◆ The task
Could you copy exactly the lines below, beginning at the line with "Gold Openwork Rhinestone" and stopping after the line with "High-Quality Handmade Wedding", with no pictures?
[Data records Boundary: Start]
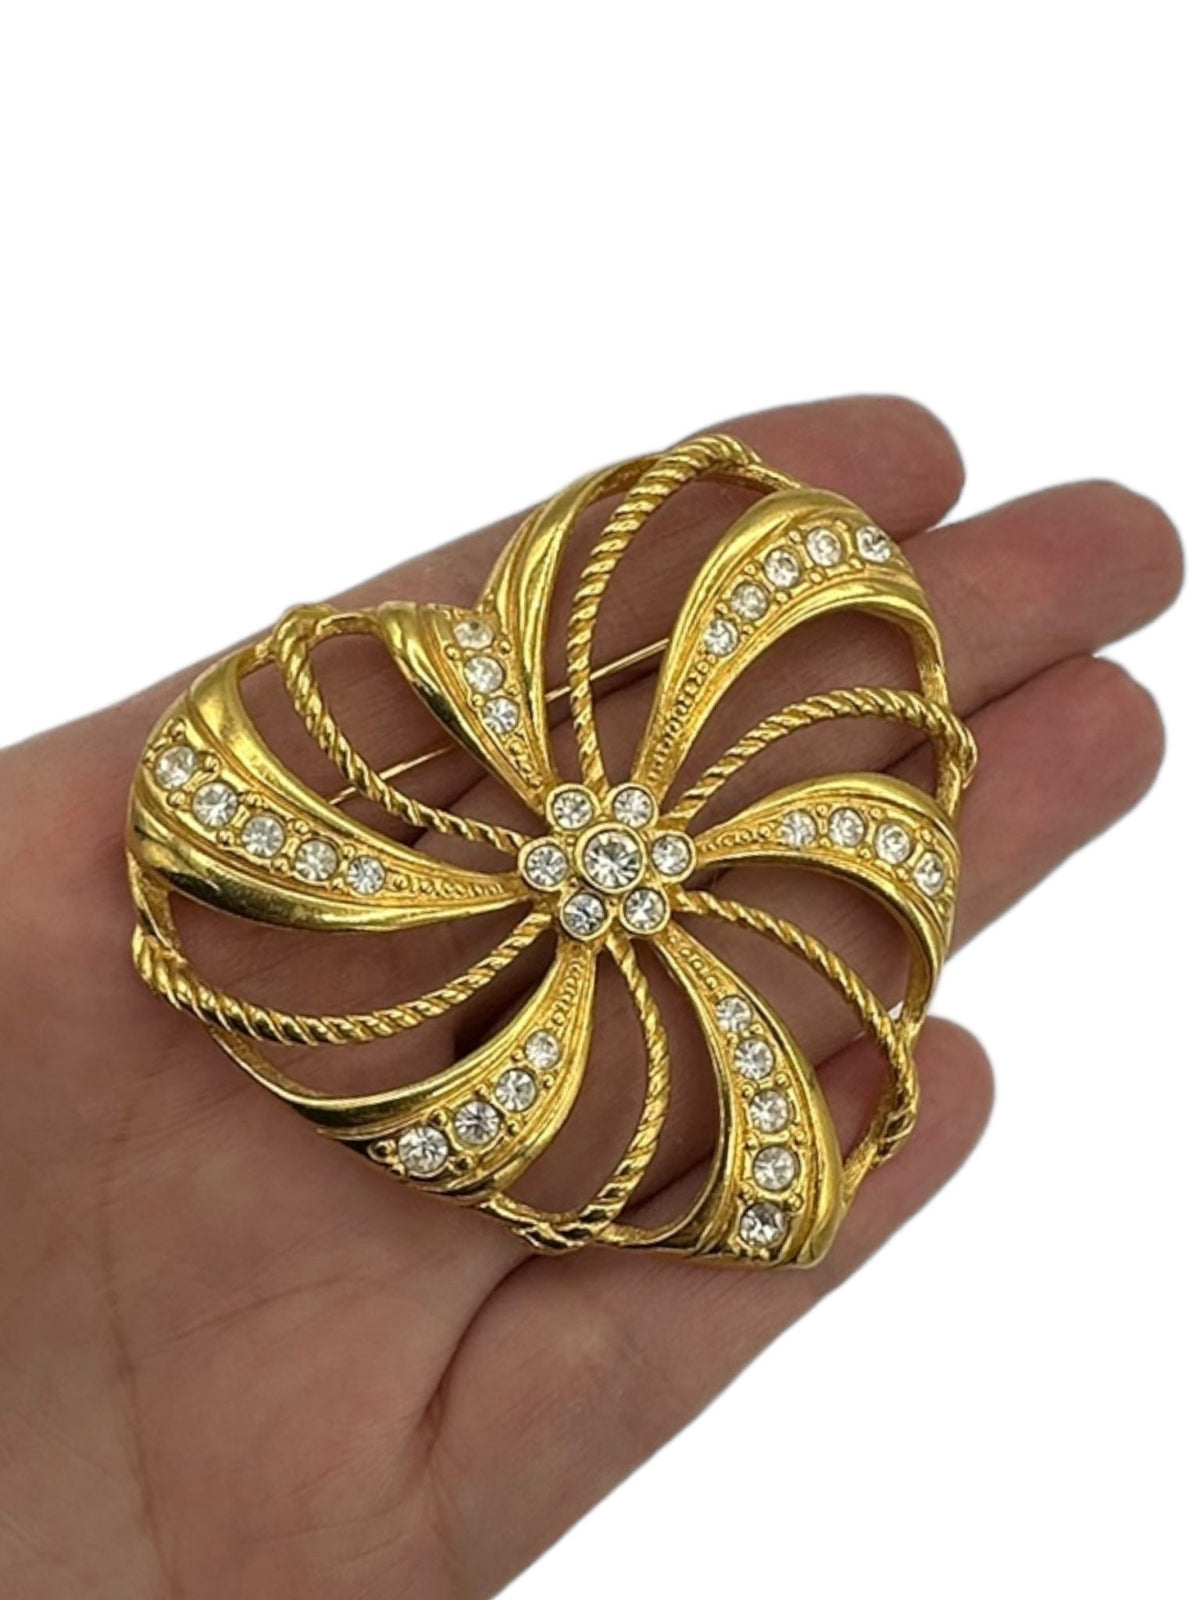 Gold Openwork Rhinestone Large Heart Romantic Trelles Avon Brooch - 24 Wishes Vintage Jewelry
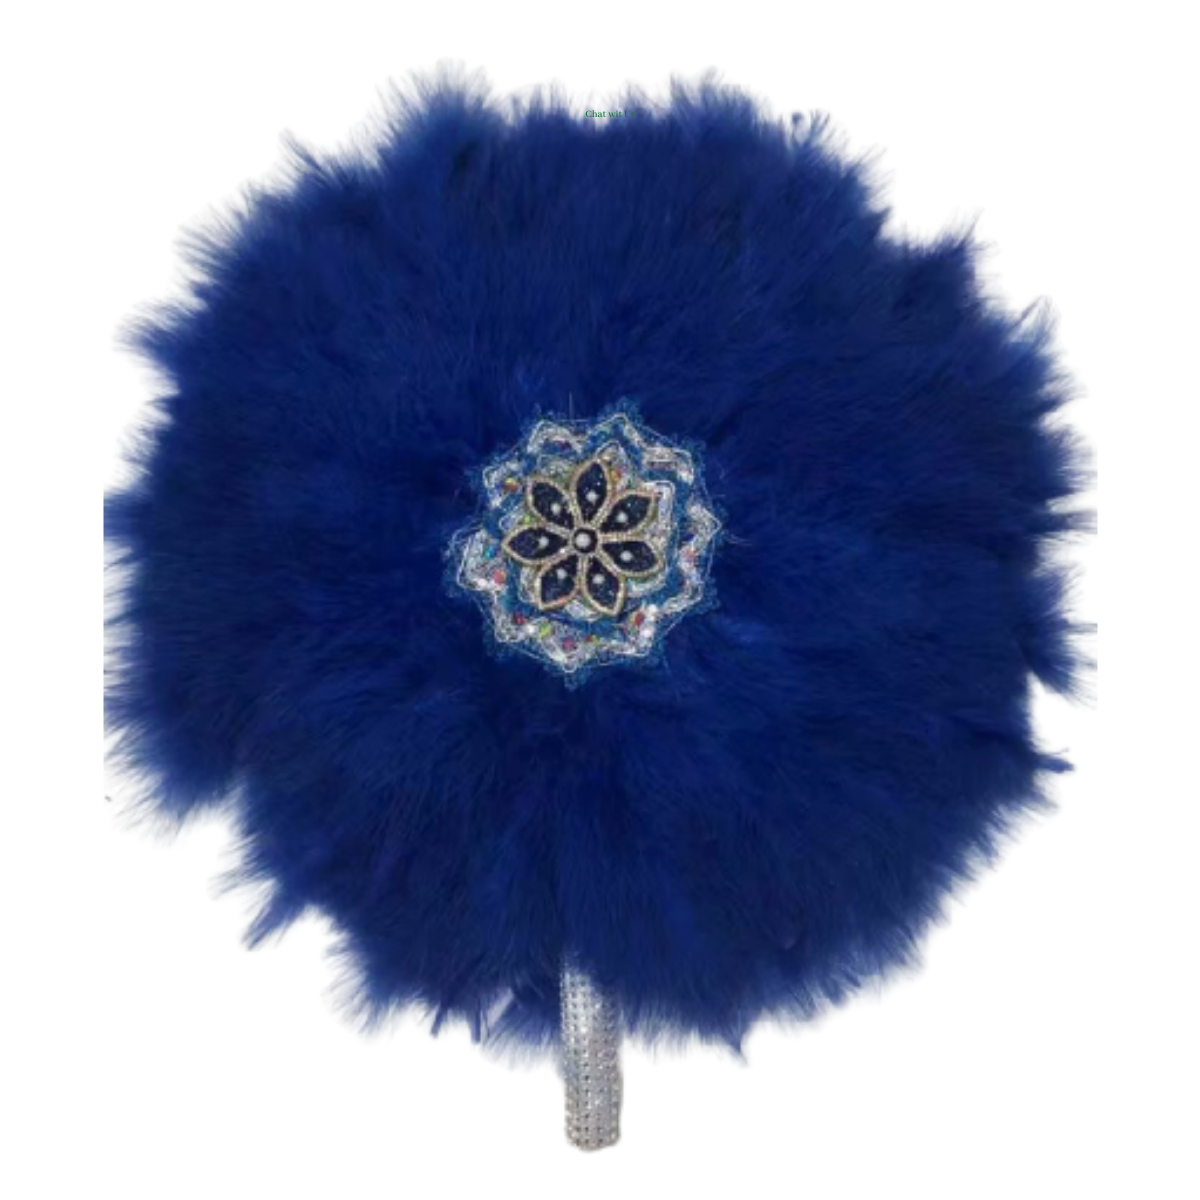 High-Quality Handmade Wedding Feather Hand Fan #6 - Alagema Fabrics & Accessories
[Data records Boundary: End]
[Data records Boundary: Start]
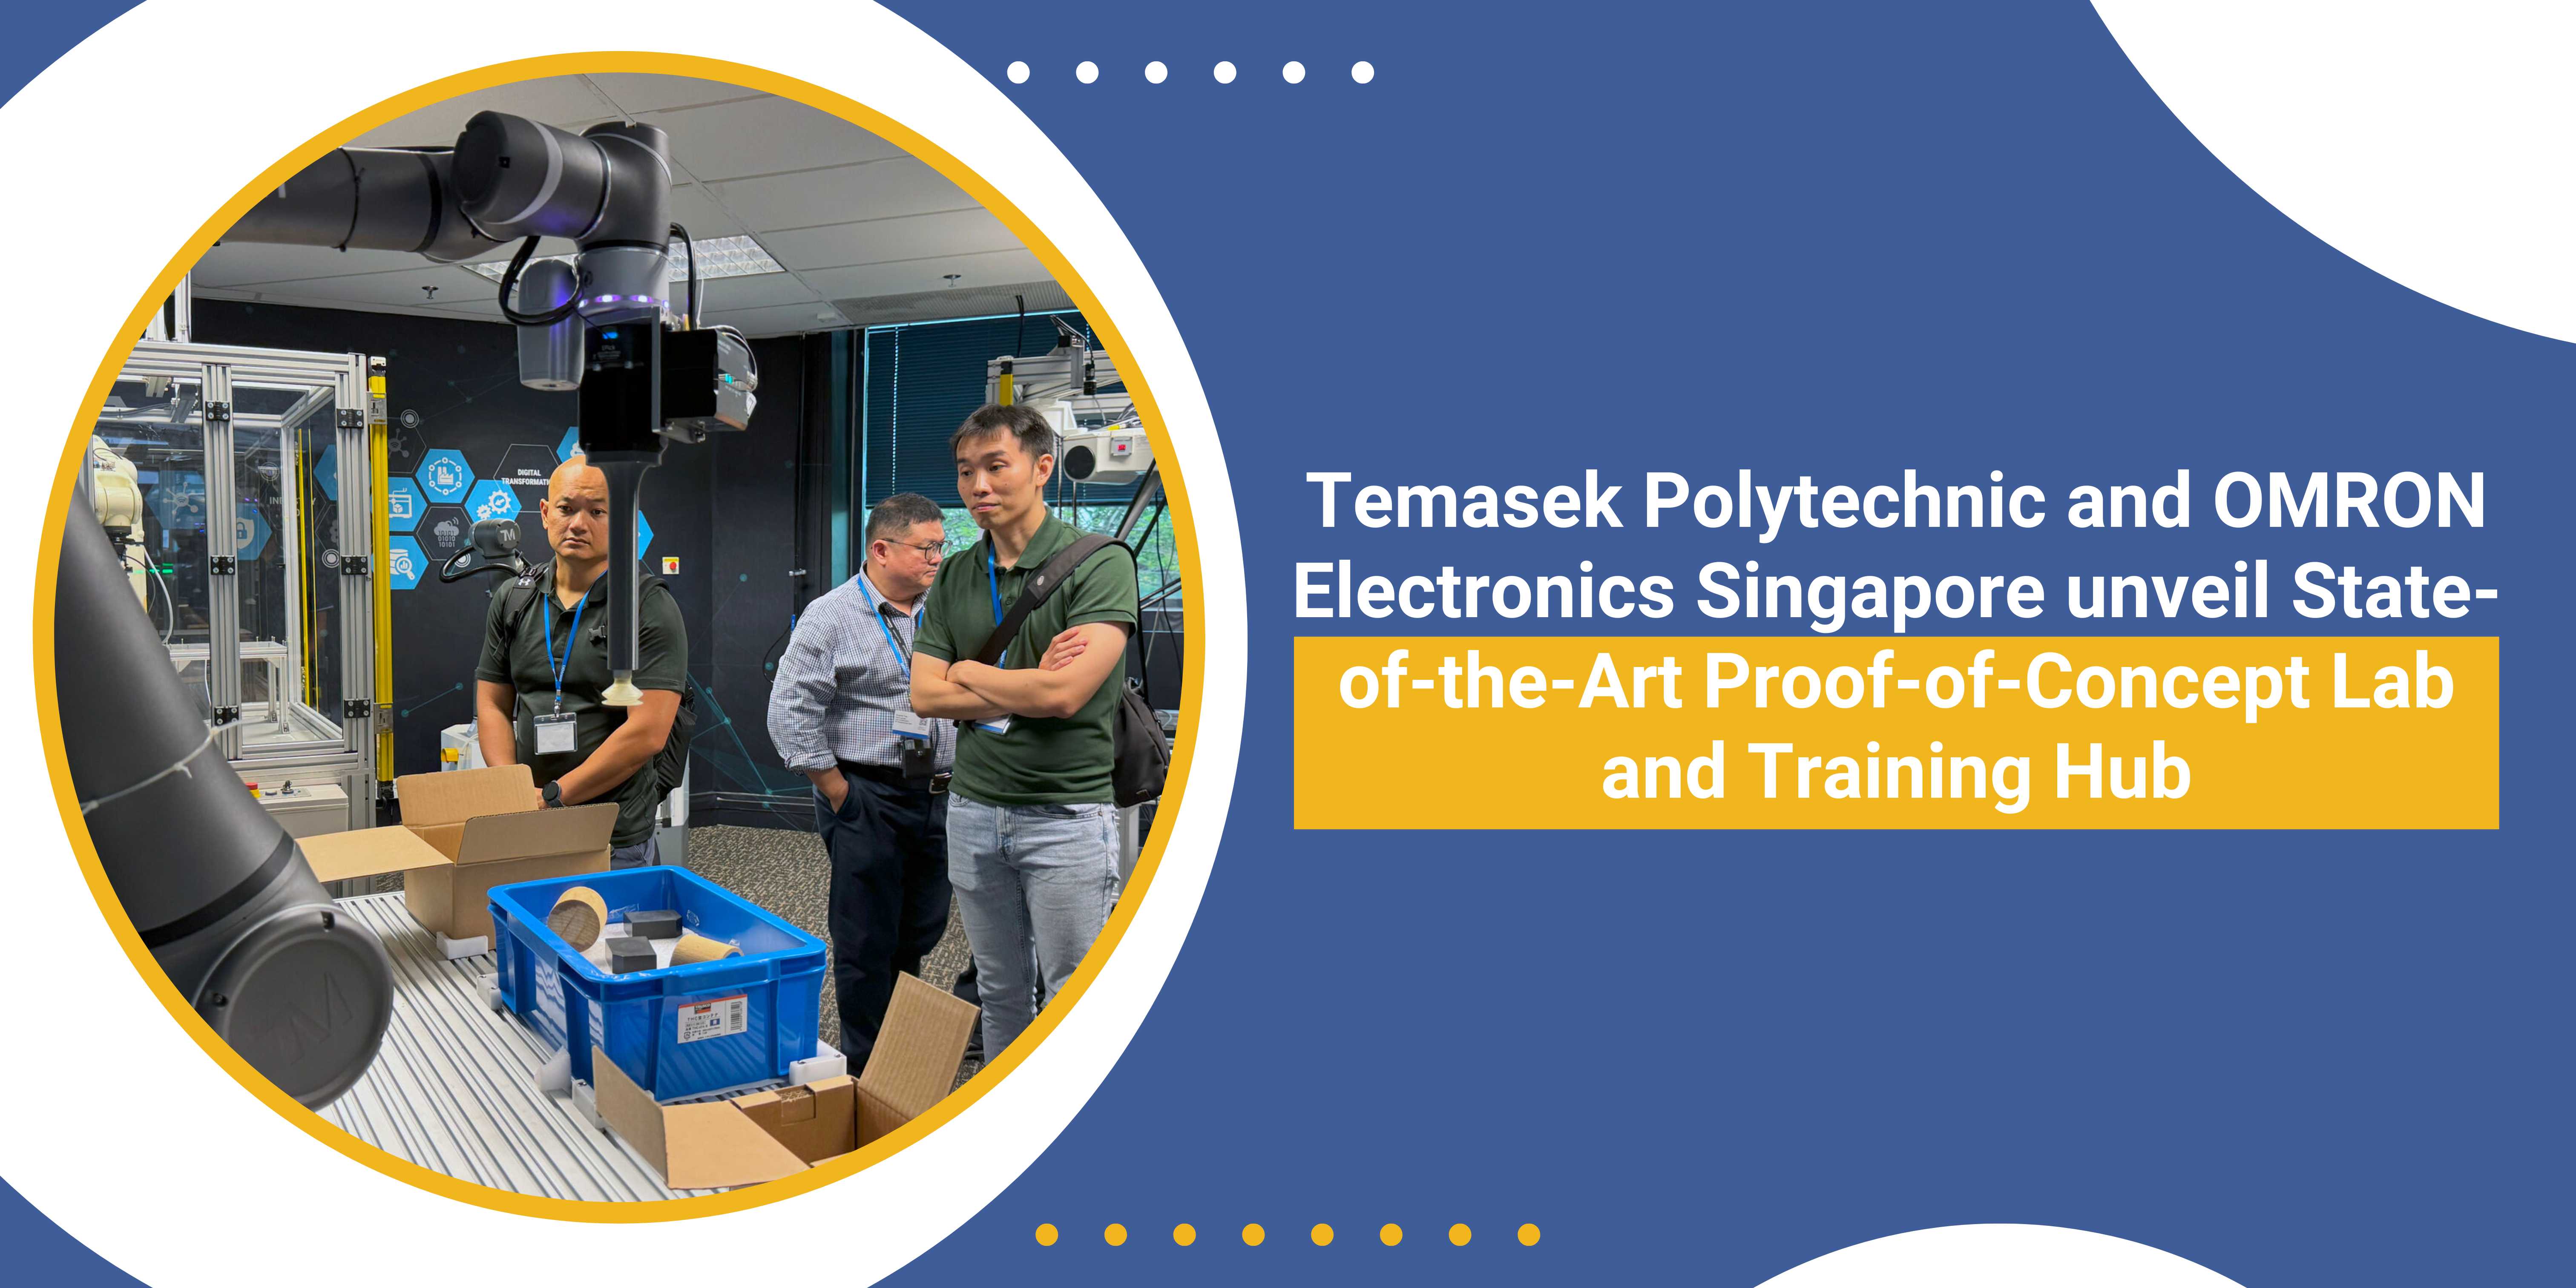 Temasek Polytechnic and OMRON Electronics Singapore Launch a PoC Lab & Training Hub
[Data records Boundary: End]
◆ Result of this task
 Gold Openwork Rhinestone Large Heart Romantic Trelles Avon Brooch - 24 Wishes Vintage Jewelry
 High-Quality Handmade Wedding Feather Hand Fan #6 - Alagema Fabrics & Accessories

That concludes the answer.